Confluent Expands Stream Governance Capabilities
“Customers need more controls and advanced capabilities and easier means of expanding,” said Confluent Senior Product Marketing Manager Greg Murphy of the creation of Stream Governance Advanced, which was unveiled at the company’s annual user conference Current 2022 Summit.
“Building on the suite of features initially introduced with Stream Governance Essentials, Stream Governance Advanced delivers more ways to easily discover, understand, and trust data in motion. With scalable quality controls in place, organizations can democratize access to data streams across teams while achieving always-on data integrity and regulatory compliance,” a Confluent press release notes.
The three tiers in which Stream Governance Advanced differ primarily from Stream Governance are the new point-in-time playbacks for stream lineage, the ability to add business metadata to the Stream catalog, and the global availability of schema registry.
Jon Fancey, Confluent principal product manager, sat down with The New Stack in a one-on-one interview ahead of the launch to discuss Stream Governance to share some additional details on why an enterprise client would choose one over the other. He started by explaining of the name and products that, “Governance is a way of making sure your data is clean and of high quality. Stream governance provided the essentials. Advanced takes that to the next level.”
The whole governance suite provides deep integration with schema and schema registry. It harnesses the power that comes along with describing data because we have schema and schema registry. Once you understand the shape of the data, you get more value out of it. The original Stream Governance, now titled Stream Essentials will now be free to all Confluent Cloud clients.
Stream Lineage — Looking Back in Time
Fancey asked, “What happened to the pipeline on Wednesday at 4 p.m. when support tickets started arriving?” And Stream Lineage answers. Stream Lineage provides the ability to “drill in and understand [or help find] what contributed or caused [a] particular problem by looking at how the data flows changed previously, to what’s happening now,” explained Fancey.
While also available in Stream Governance, the look-back time was only ten minutes. The next level with Stream Governance Advanced is up to one week in hourly chunks of time or the last 24 hours for detailed analysis. The previous challenges of having to wait for an issue to arise again since it “happened three days ago” are long gone.

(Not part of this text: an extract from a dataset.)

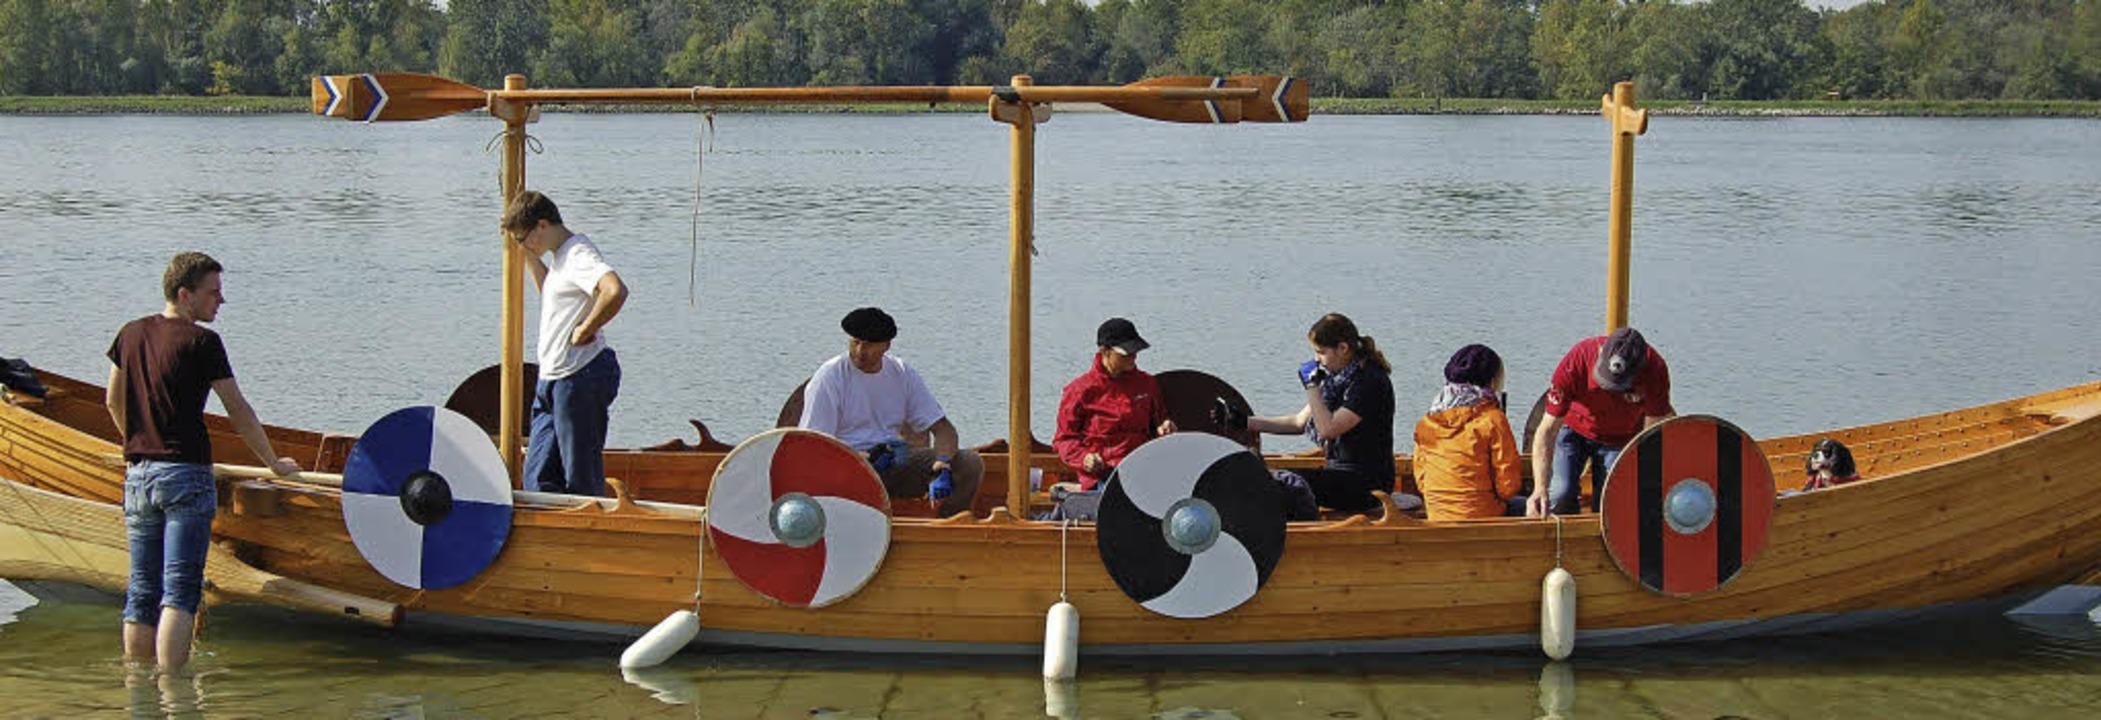 Ist jeder am richtigen Platz? Das Wikingerschiff vor dem Ablegen.    Foto: Hagen Späth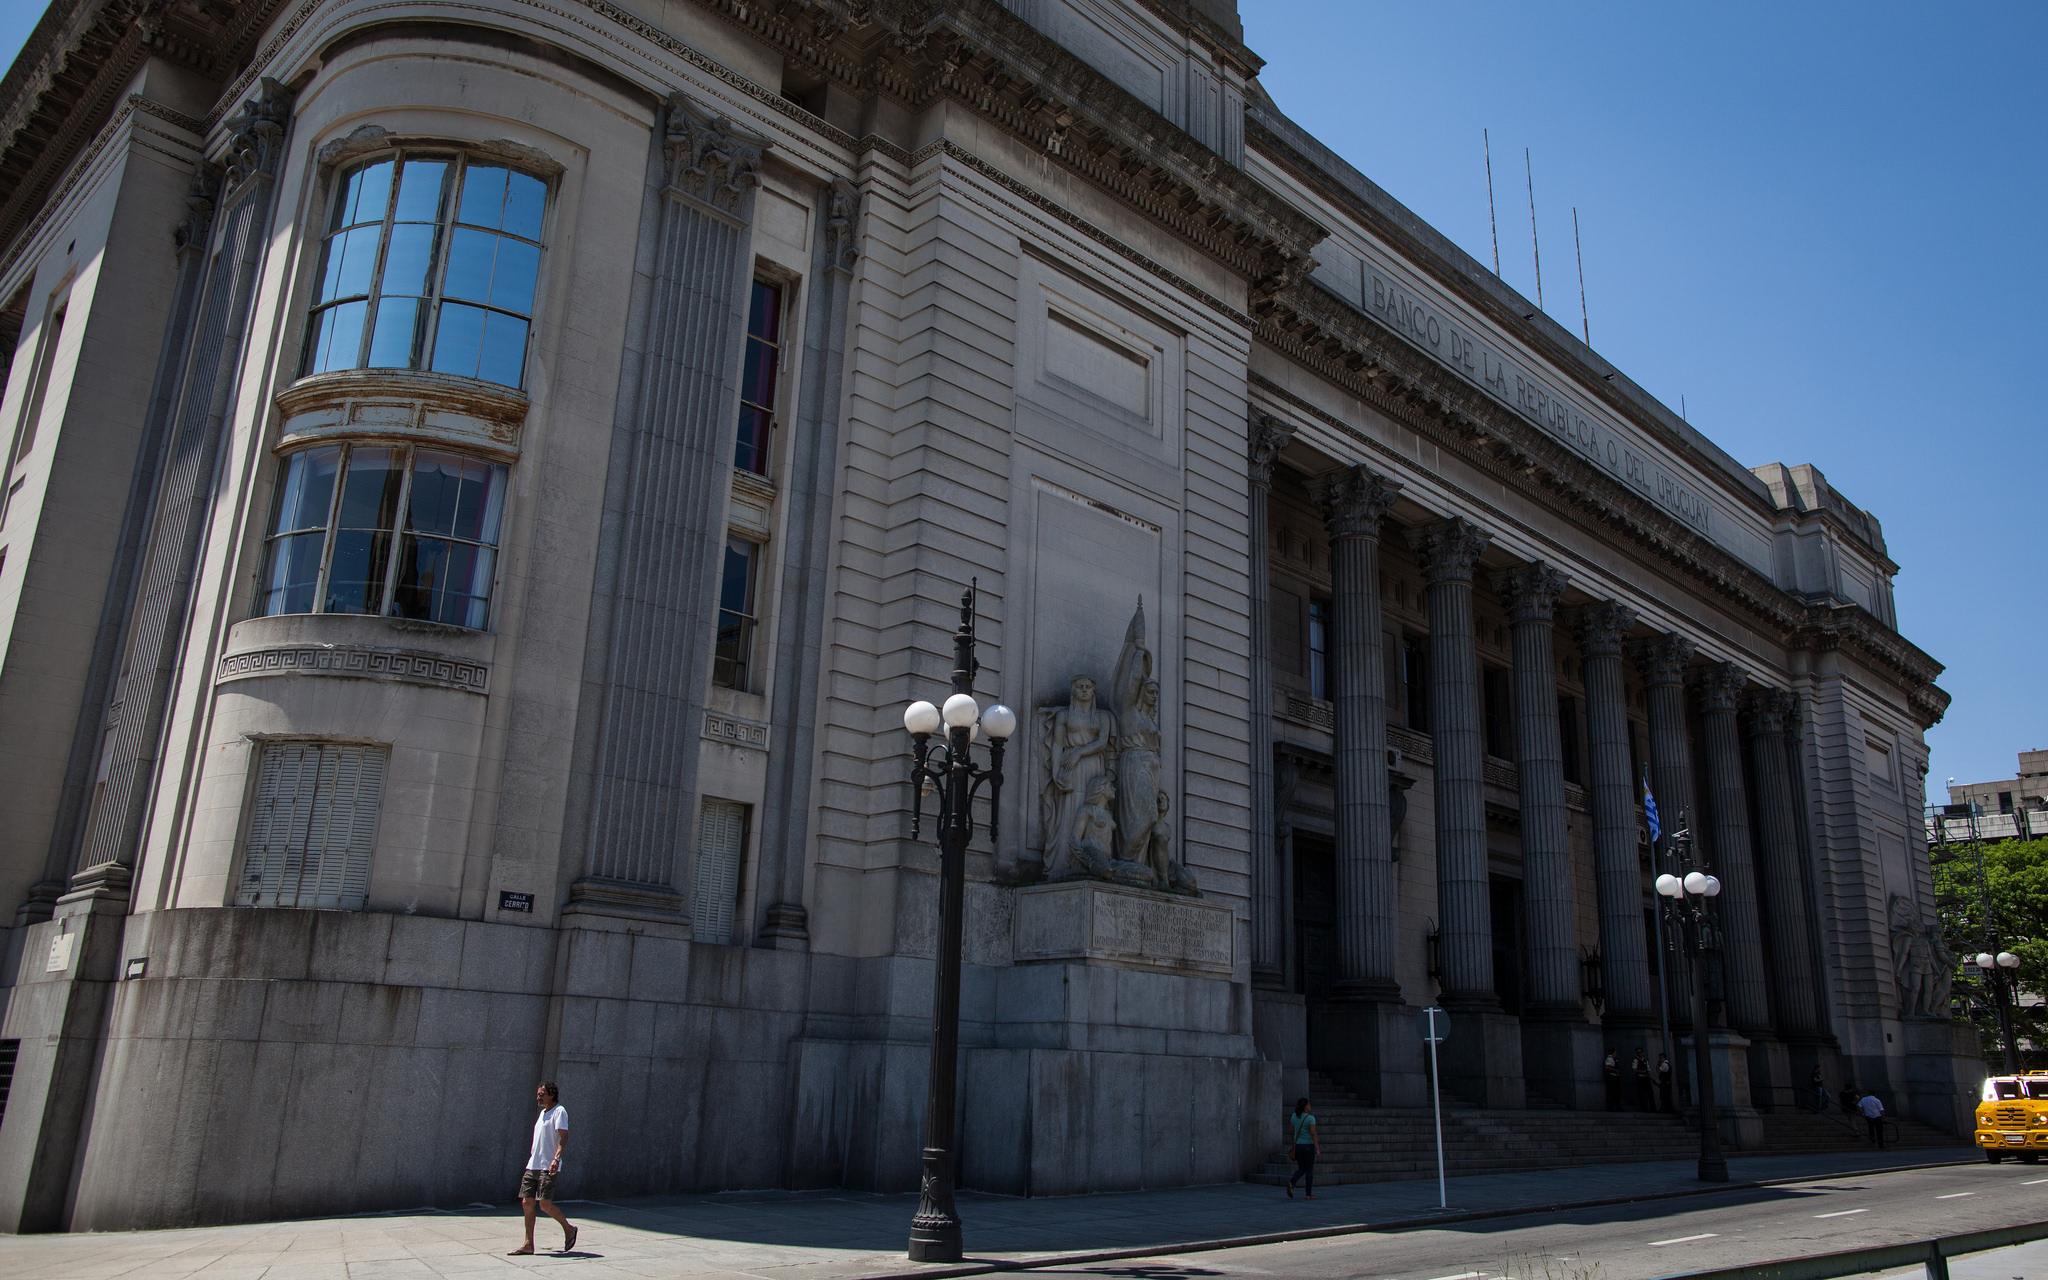 Sede central del Banco República, en Ciudad Vieja. Foto: Wolfgang Krausse / Flickr

A new feature of Stream Lineage is the ability to search across lineage graphs for specific objects such as client IDs or topics. Clients can see a bird’s eye view or drill in on specific details.
Adding Business Metadata and Why That Matters…
There’s a solid argument to be made for most people not wanting their social security number to be in anyone’s data catalog… but sometimes it’s in there. And for the right reasons… Agreed. Let’s keep it safe. Stream Governance already had Personally Identifiable Information (PII) tags available in its schemas but with the addition of business metadata, this goes one step further.
Since the social security numbers are already marked PII, they require special clearance. The data isn’t visible but there are instances where developers need to look deeper into something and need access to the events or topics. Now they have the ability to see the producers, consumers, and schema. And while the sensitive data isn’t available, the data owner or contact is. Valuable time is saved and there is contact information making resources more widely available.
Clients can now search the catalog with GraphQL APIs which is the same API that confluent is built on. GraphQL allows for more declarative searches and helps with the problem of over and under-fetching data.
Stream Registry Is Now Available Worldwide
Stream registry now includes 28 regions, which is more than double what it was previously. Stream Registry is also more resilient with 99.95%, uptime Service Level Agreement (SLA). In short, this means applications can run in more regions at a higher SLA.
Fancey explains that, “If you’re opinionated for regulatory reasons [and] have to run in a certain region on certain clouds, we provide more choice than ever now, to be able to do that.”